■ Work required
Give back exactly the lines of the material below that start at the line containing "A boardwalk at" and end at the line containing "- Stock Image", and no others.

■ Input
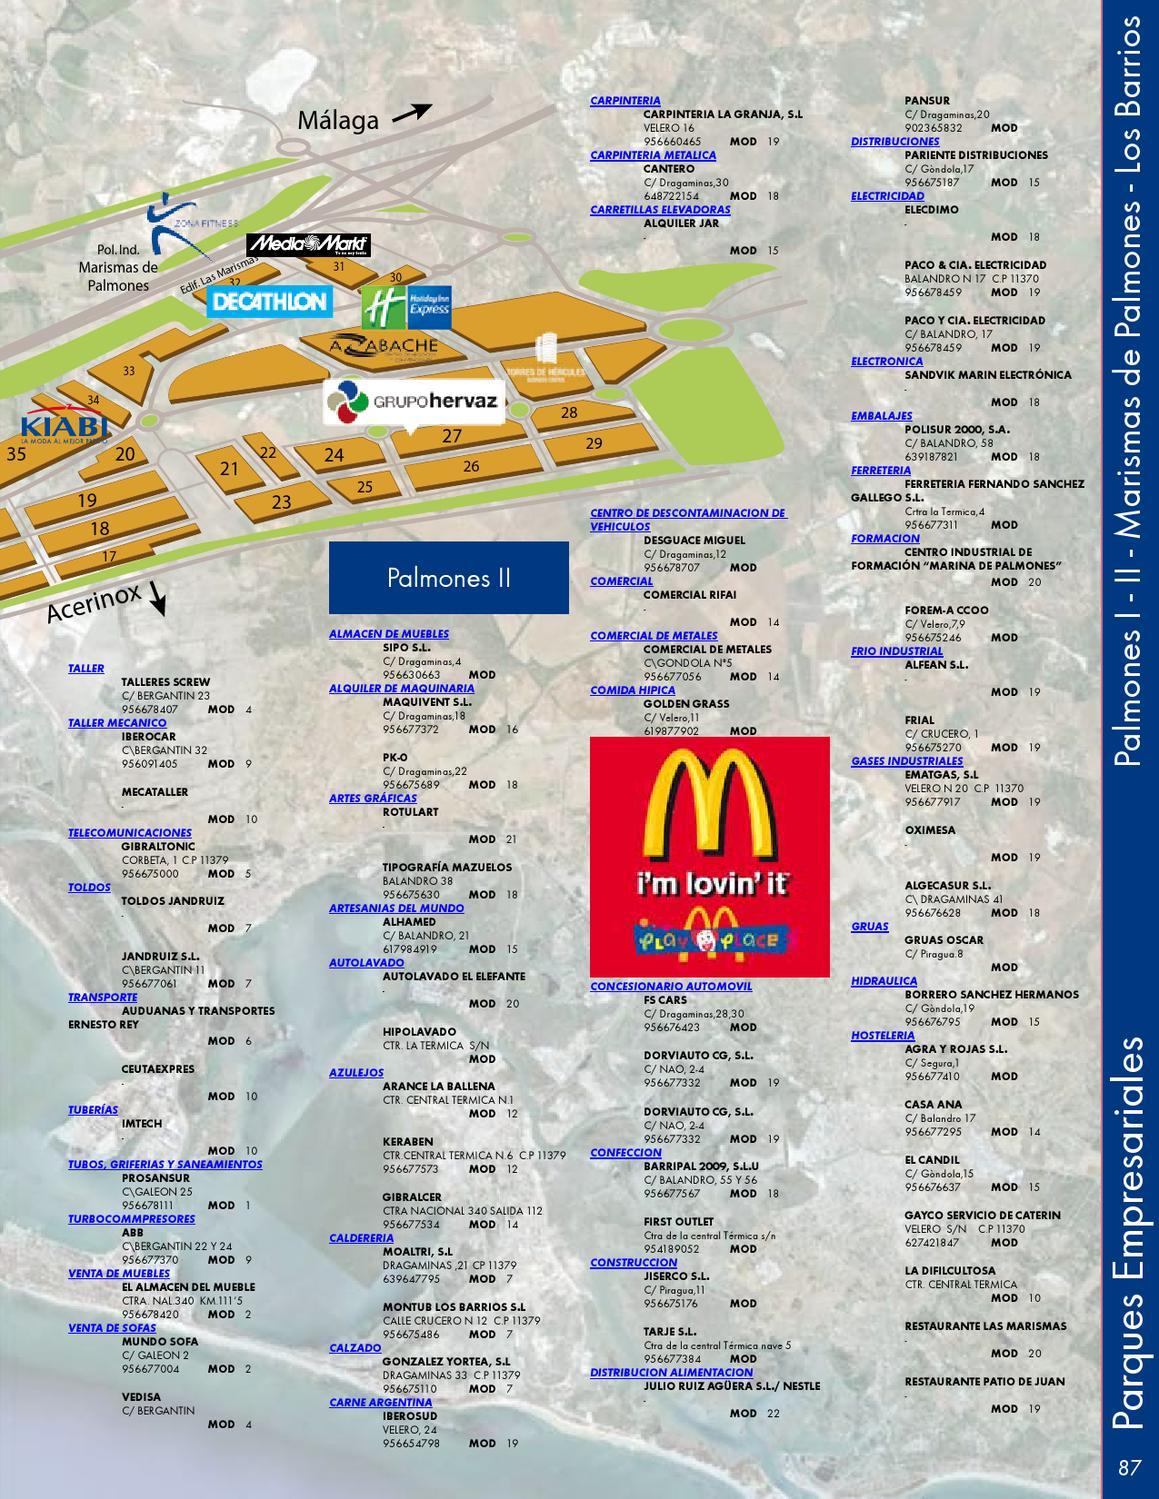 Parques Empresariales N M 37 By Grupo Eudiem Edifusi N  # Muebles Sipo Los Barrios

--

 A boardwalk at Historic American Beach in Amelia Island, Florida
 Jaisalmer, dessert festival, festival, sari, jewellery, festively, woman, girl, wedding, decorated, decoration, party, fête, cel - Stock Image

==

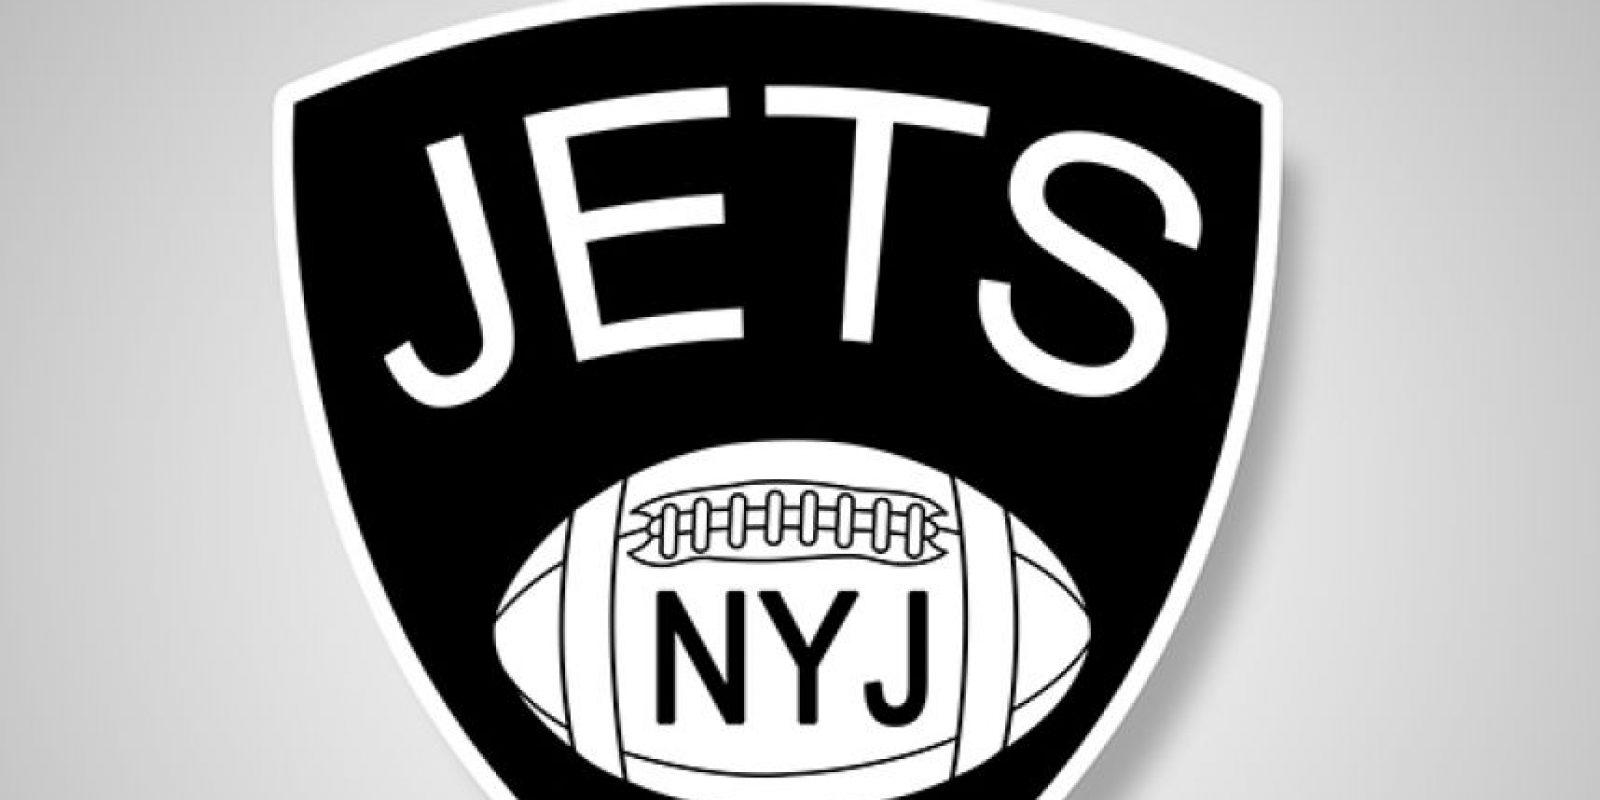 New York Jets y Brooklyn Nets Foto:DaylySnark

■ Task answer
 A boardwalk at Historic American Beach in Amelia Island, Florida
 Jaisalmer, dessert festival, festival, sari, jewellery, festively, woman, girl, wedding, decorated, decoration, party, fête, cel - Stock Image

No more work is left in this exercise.